* _Exercise instructions_: Write down, unchanged, the entries from the first line through the line holding "3.000 STUDS BELT". Include no other line.

[Start of Attachment]

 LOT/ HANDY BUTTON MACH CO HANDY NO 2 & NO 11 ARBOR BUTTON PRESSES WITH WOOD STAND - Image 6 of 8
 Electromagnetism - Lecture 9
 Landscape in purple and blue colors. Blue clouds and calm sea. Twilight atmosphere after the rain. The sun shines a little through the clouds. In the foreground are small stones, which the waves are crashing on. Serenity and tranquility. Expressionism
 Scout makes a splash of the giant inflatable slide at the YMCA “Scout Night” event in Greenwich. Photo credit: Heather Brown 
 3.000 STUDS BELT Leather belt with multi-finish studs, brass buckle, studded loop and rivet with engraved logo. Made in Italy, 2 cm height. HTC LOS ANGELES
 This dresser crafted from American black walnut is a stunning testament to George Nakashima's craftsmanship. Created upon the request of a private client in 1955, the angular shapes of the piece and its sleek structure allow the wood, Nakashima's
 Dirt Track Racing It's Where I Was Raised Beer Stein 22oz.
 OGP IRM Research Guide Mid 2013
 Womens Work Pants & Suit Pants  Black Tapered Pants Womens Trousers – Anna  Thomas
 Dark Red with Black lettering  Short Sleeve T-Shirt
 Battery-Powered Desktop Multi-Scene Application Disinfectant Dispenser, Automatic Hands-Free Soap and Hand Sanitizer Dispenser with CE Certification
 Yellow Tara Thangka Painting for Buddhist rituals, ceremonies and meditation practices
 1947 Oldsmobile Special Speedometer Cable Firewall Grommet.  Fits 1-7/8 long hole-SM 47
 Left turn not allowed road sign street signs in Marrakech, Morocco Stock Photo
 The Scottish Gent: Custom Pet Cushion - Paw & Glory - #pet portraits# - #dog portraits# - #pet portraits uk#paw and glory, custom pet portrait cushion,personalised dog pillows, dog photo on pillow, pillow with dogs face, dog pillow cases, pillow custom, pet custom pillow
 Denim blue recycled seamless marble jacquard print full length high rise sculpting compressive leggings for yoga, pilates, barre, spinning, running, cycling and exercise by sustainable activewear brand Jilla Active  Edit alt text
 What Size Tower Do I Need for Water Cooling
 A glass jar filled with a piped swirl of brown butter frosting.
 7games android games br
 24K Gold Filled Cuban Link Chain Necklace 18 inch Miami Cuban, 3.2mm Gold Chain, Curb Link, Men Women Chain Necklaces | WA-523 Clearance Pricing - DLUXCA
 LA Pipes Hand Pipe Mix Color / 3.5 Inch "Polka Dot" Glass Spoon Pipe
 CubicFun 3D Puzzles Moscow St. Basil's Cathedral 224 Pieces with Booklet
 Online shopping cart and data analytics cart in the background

[End of Attachment]

* _Exercise answer_:
 LOT/ HANDY BUTTON MACH CO HANDY NO 2 & NO 11 ARBOR BUTTON PRESSES WITH WOOD STAND - Image 6 of 8
 Electromagnetism - Lecture 9
 Landscape in purple and blue colors. Blue clouds and calm sea. Twilight atmosphere after the rain. The sun shines a little through the clouds. In the foreground are small stones, which the waves are crashing on. Serenity and tranquility. Expressionism
 Scout makes a splash of the giant inflatable slide at the YMCA “Scout Night” event in Greenwich. Photo credit: Heather Brown 
 3.000 STUDS BELT Leather belt with multi-finish studs, brass buckle, studded loop and rivet with engraved logo. Made in Italy, 2 cm height. HTC LOS ANGELES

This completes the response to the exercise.